Metamath Proof Explorer

Theorem clatlubcl2

Description: Any subset of the base set has an LUB in a complete lattice. (Contributed by NM, 13-Sep-2018)

Ref Expression
Hypotheses clatlubcl.b 
|- B = ( Base ` K )
clatlubcl.u 
|- U = ( lub ` K )
Assertion clatlubcl2 
|- ( ( K e. CLat /\ S C_ B ) -> S e. dom U )

Proof

Step Hyp Ref Expression
1 clatlubcl.b 
 |-  B = ( Base ` K )
2 clatlubcl.u 
 |-  U = ( lub ` K )
3 1 fvexi 
 |-  B e. _V
4 3 elpw2 
 |-  ( S e. ~P B <-> S C_ B )
5 4 biimpri 
 |-  ( S C_ B -> S e. ~P B )
6 5 adantl 
 |-  ( ( K e. CLat /\ S C_ B ) -> S e. ~P B )
7 eqid 
 |-  ( glb ` K ) = ( glb ` K )
8 1 2 7 isclat 
 |-  ( K e. CLat <-> ( K e.
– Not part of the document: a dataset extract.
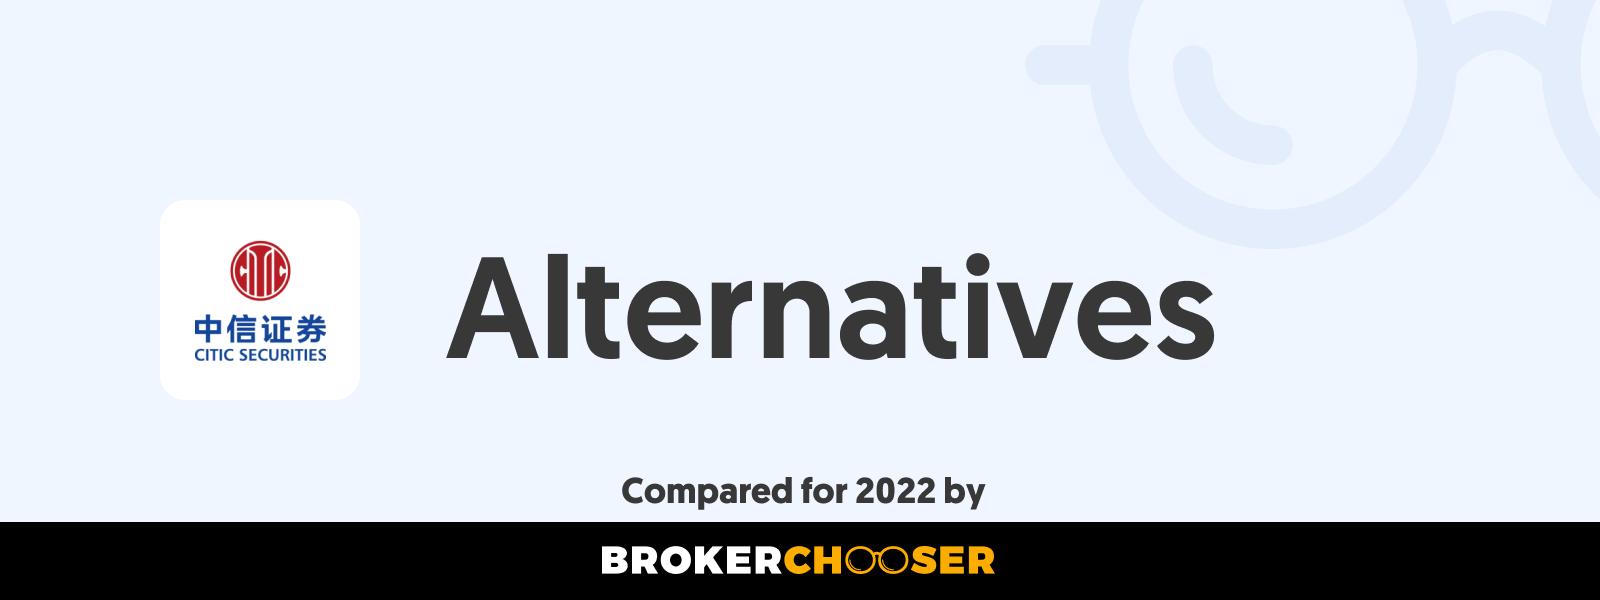 Citic Securities Alternatives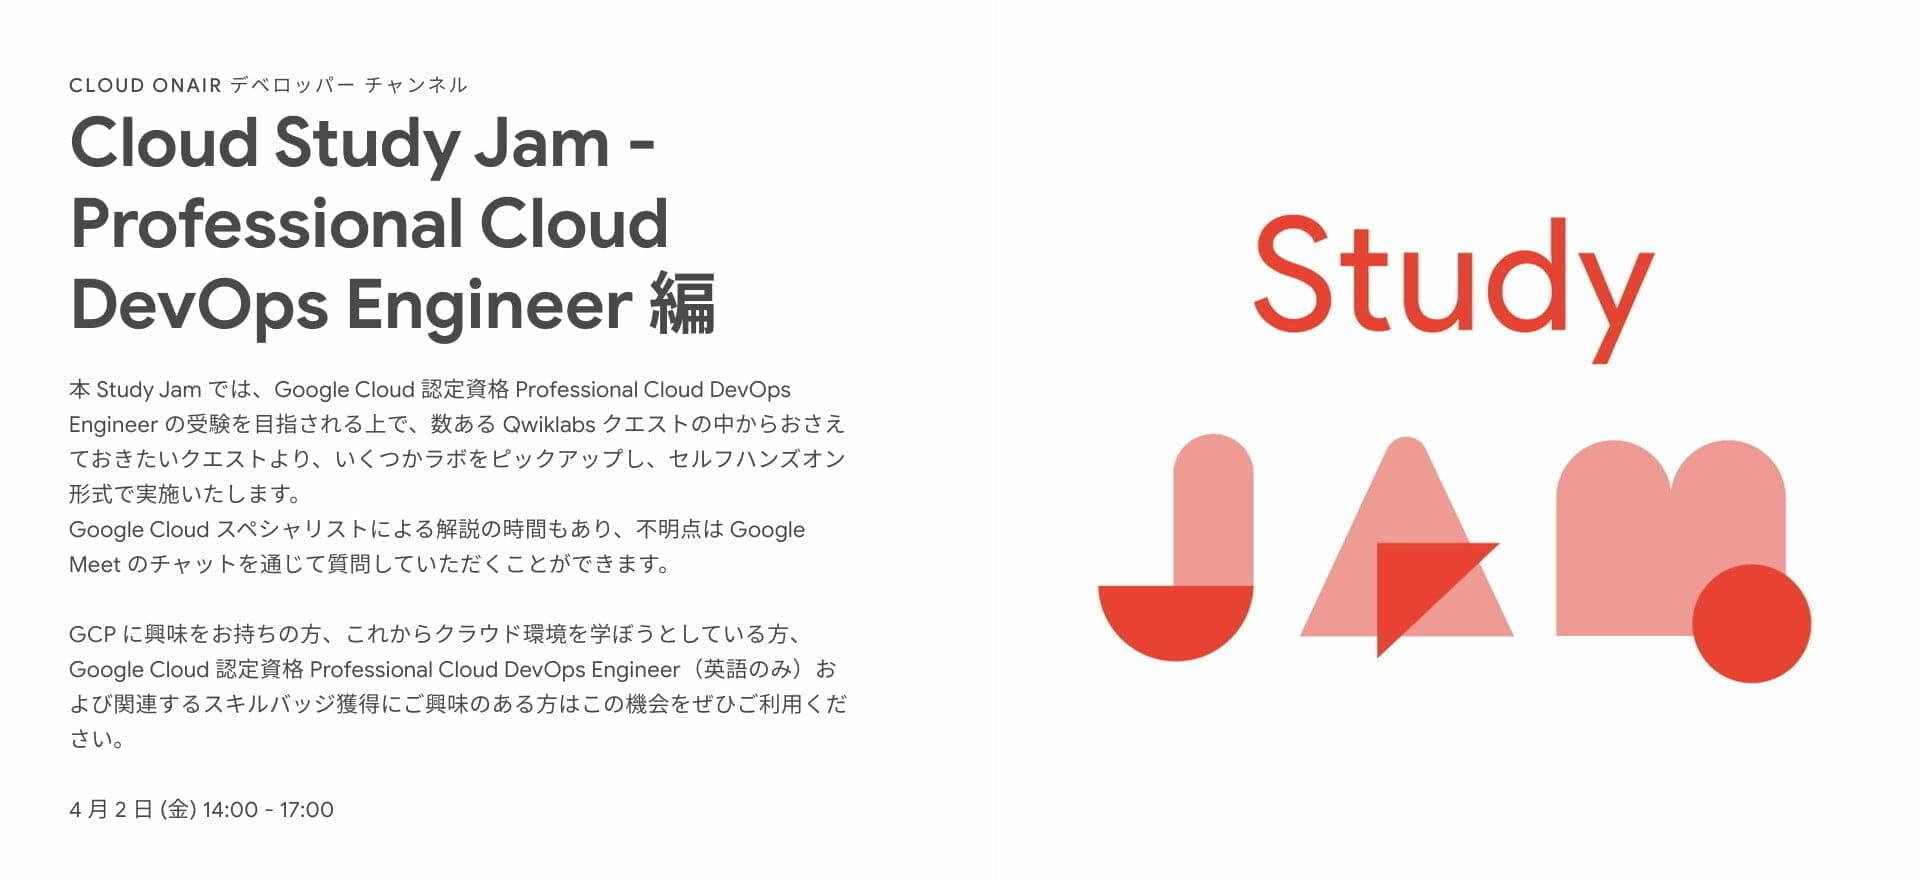 [GCP] Cloud Study Jam - Professional Cloud DevOps Engineer 編

Poset /\ ( dom U = ~P B /\ dom ( glb ` K ) = ~P B ) ) )
9 simprl 
 |-  ( ( K e. Poset /\ ( dom U = ~P B /\ dom ( glb ` K ) = ~P B ) ) -> dom U = ~P B )
10 8 9 sylbi 
 |-  ( K e. CLat -> dom U = ~P B )
11 10 adantr 
 |-  ( ( K e. CLat /\ S C_ B ) -> dom U = ~P B )
12 6 11 eleqtrrd 
 |-  ( ( K e. CLat /\ S C_ B ) -> S e. dom U )